● **The problem**: With the pictures left out, copy the listing below exactly.

● **Supplied data**:
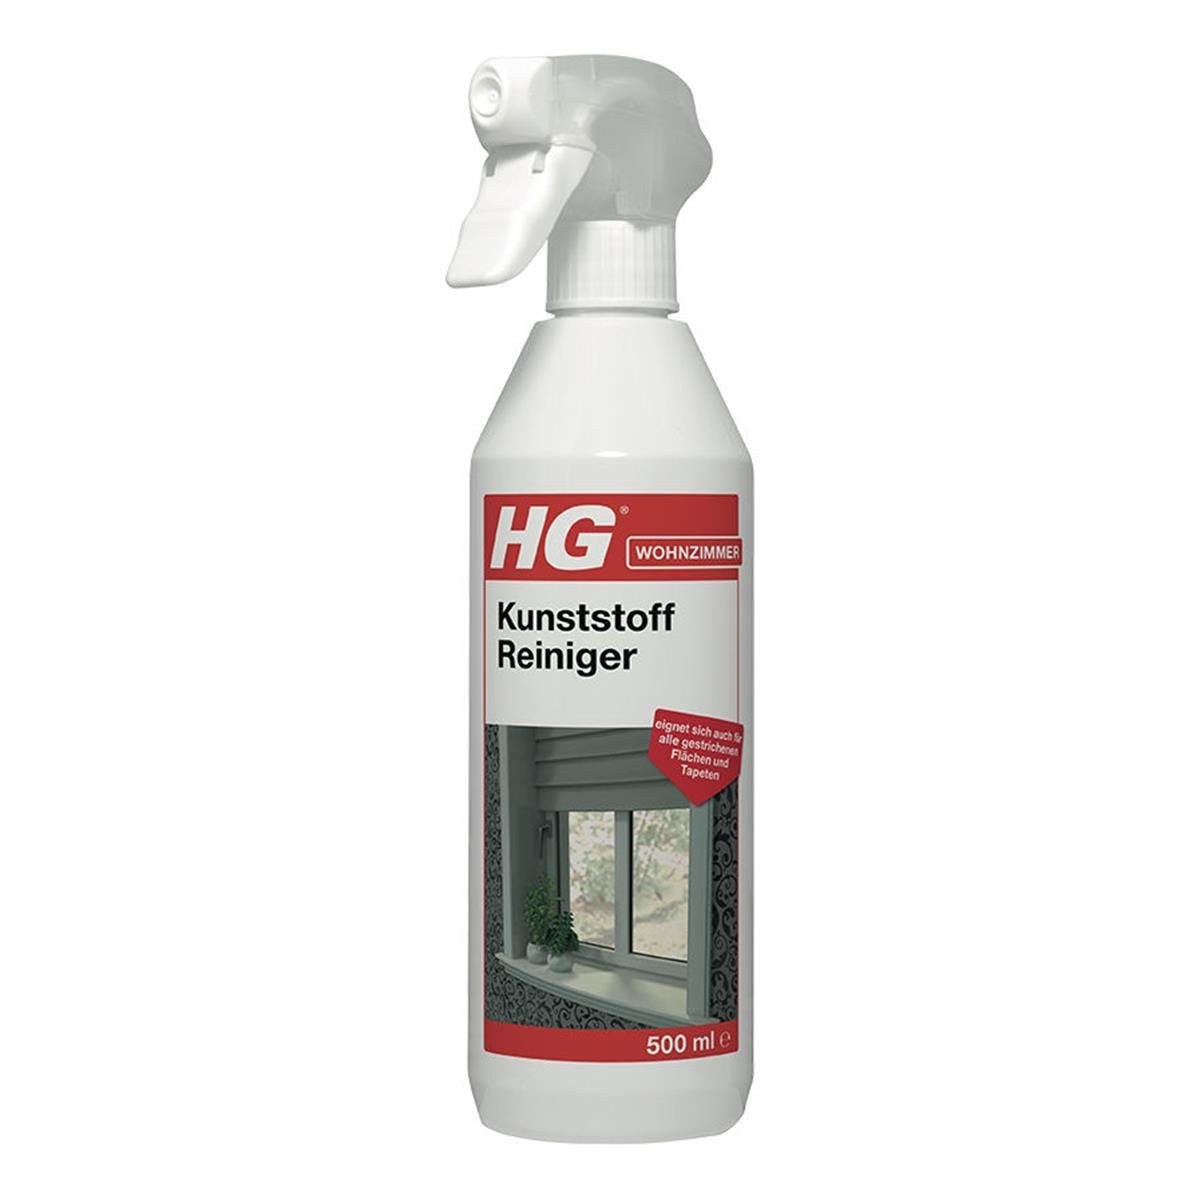 HG HG Kunststoff Reiniger 500ml – Für Kunststoffe oder Polycarbonate (1er Allzweckreiniger
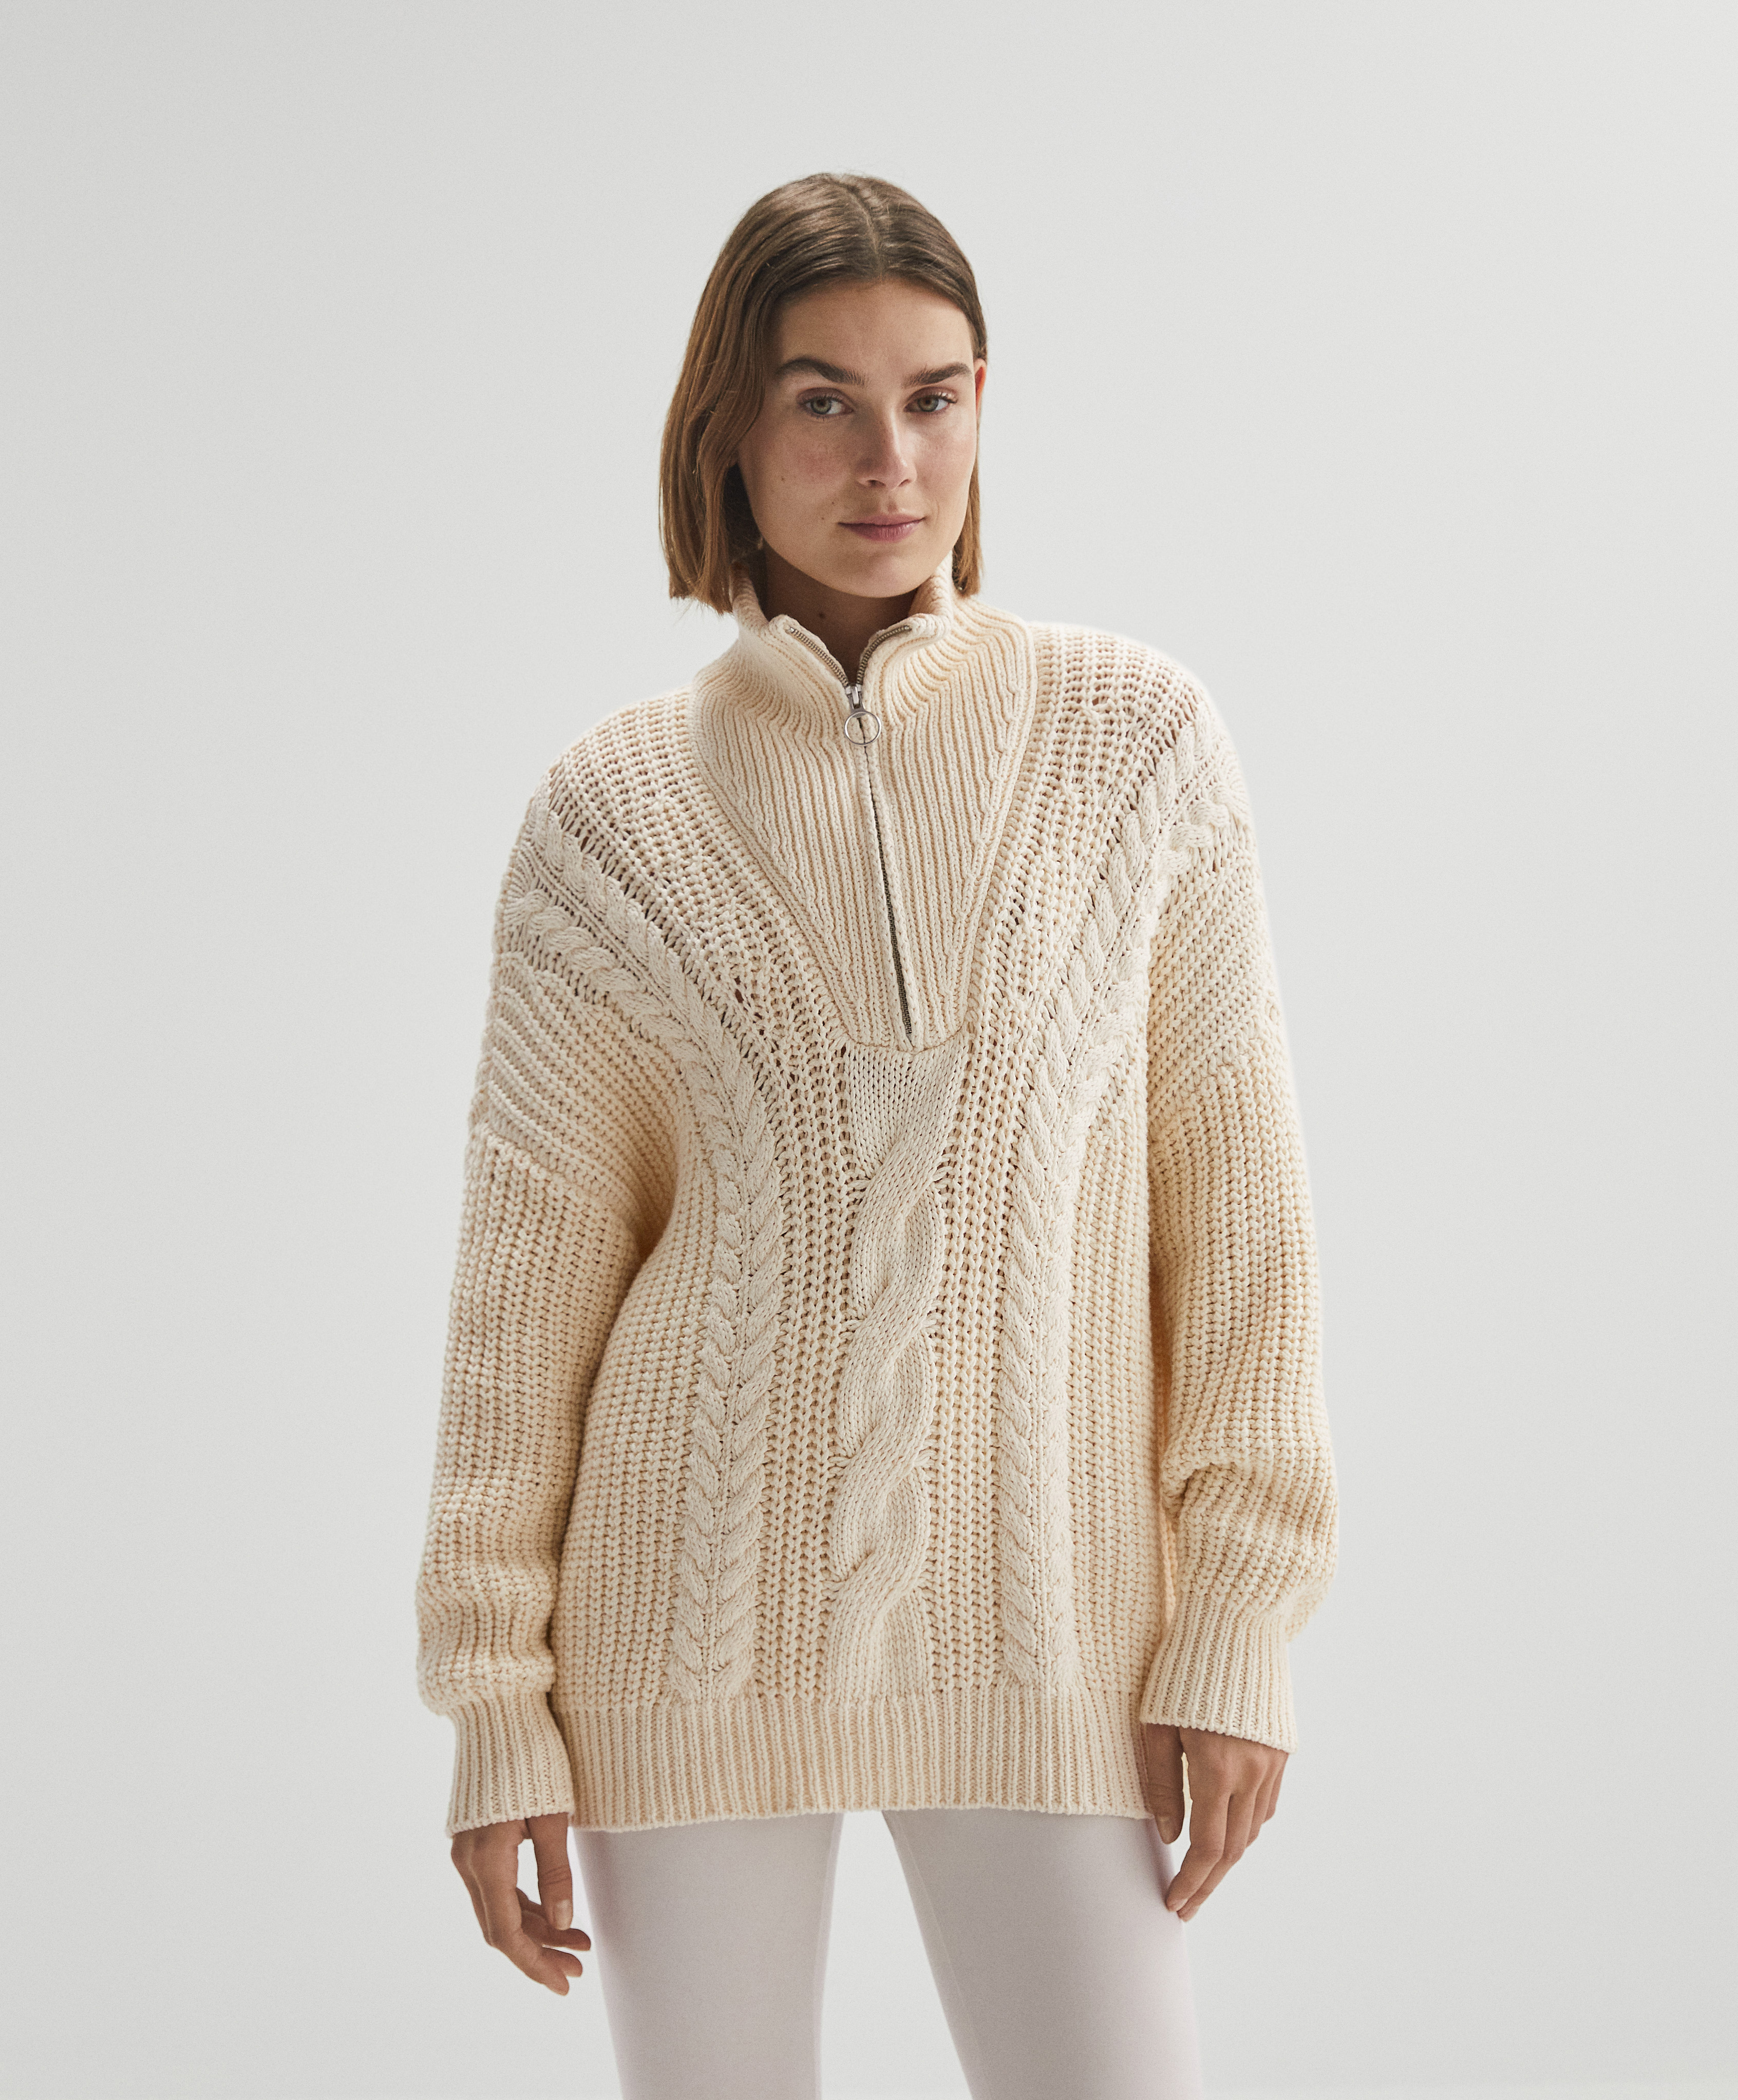 Zipped 100% cotton knit jumper
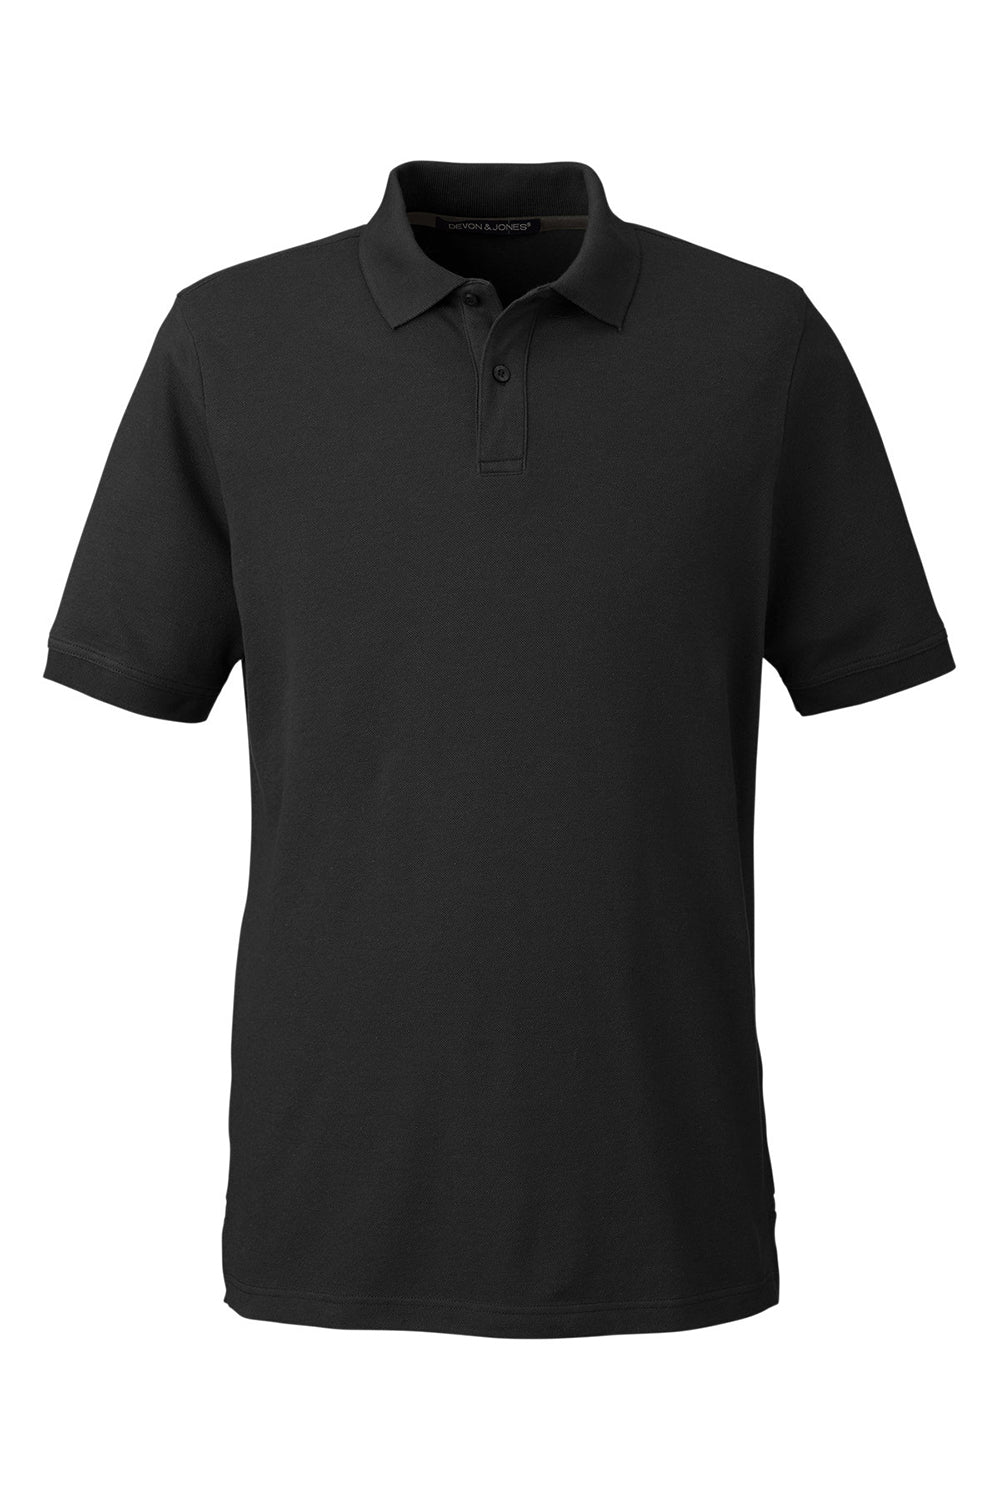 Devon & Jones DG100 Mens New Classics Performance Moisture Wicking Short Sleeve Polo Shirt Black Flat Front
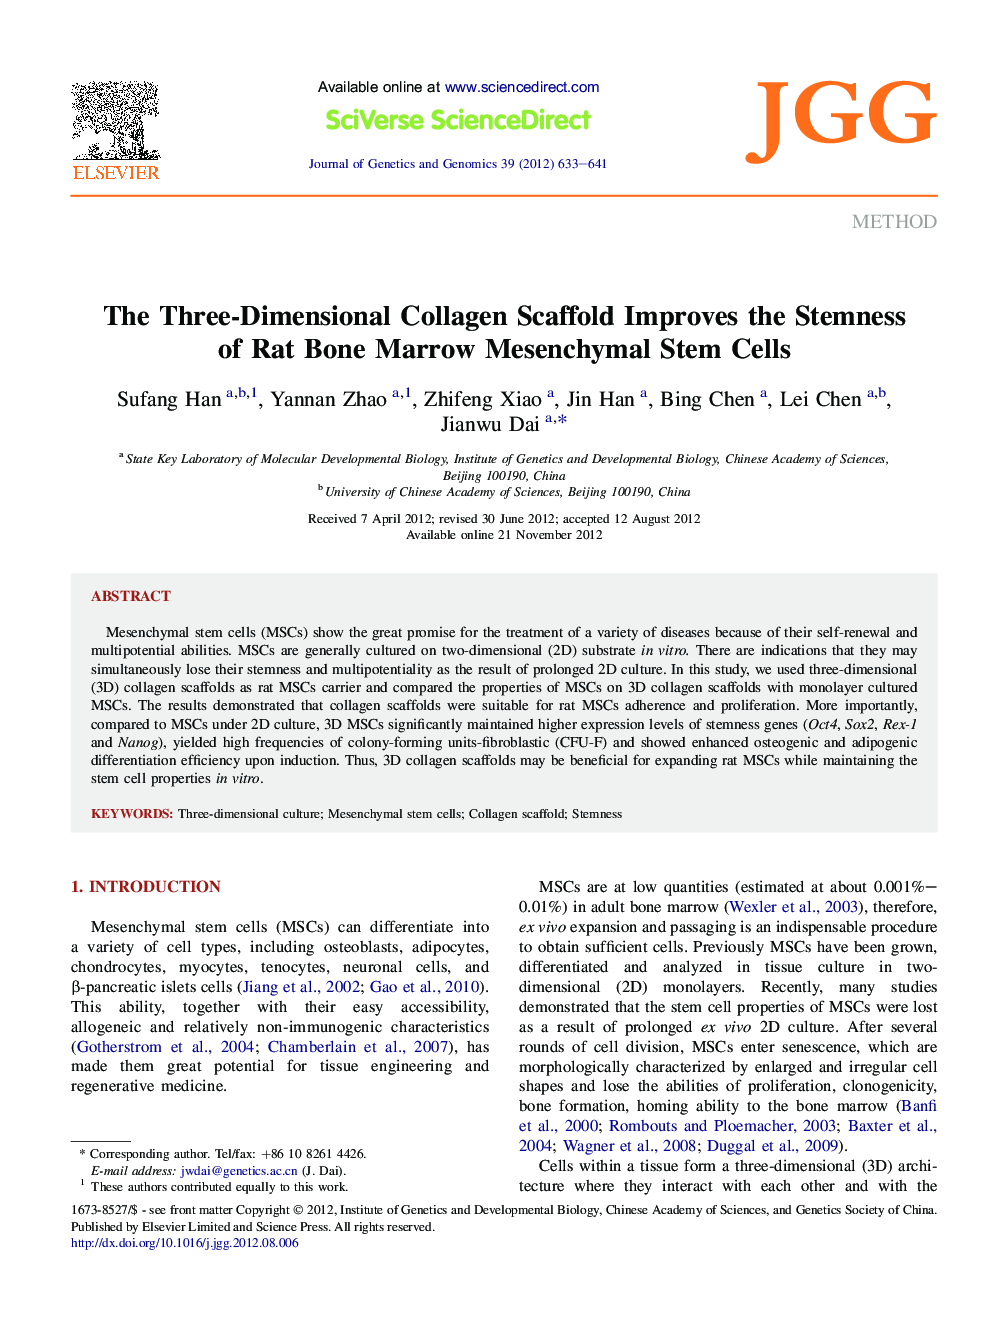 The Three-Dimensional Collagen Scaffold Improves the Stemness of Rat Bone Marrow Mesenchymal Stem Cells

● **Answer for this exercise**:
 HG HG Kunststoff Reiniger 500ml – Für Kunststoffe oder Polycarbonate (1er Allzweckreiniger
 Zipped 100% cotton knit jumper
 Devon & Jones DG100 Mens New Classics Performance Moisture Wicking Short Sleeve Polo Shirt Black Flat Front
 The Three-Dimensional Collagen Scaffold Improves the Stemness of Rat Bone Marrow Mesenchymal Stem Cells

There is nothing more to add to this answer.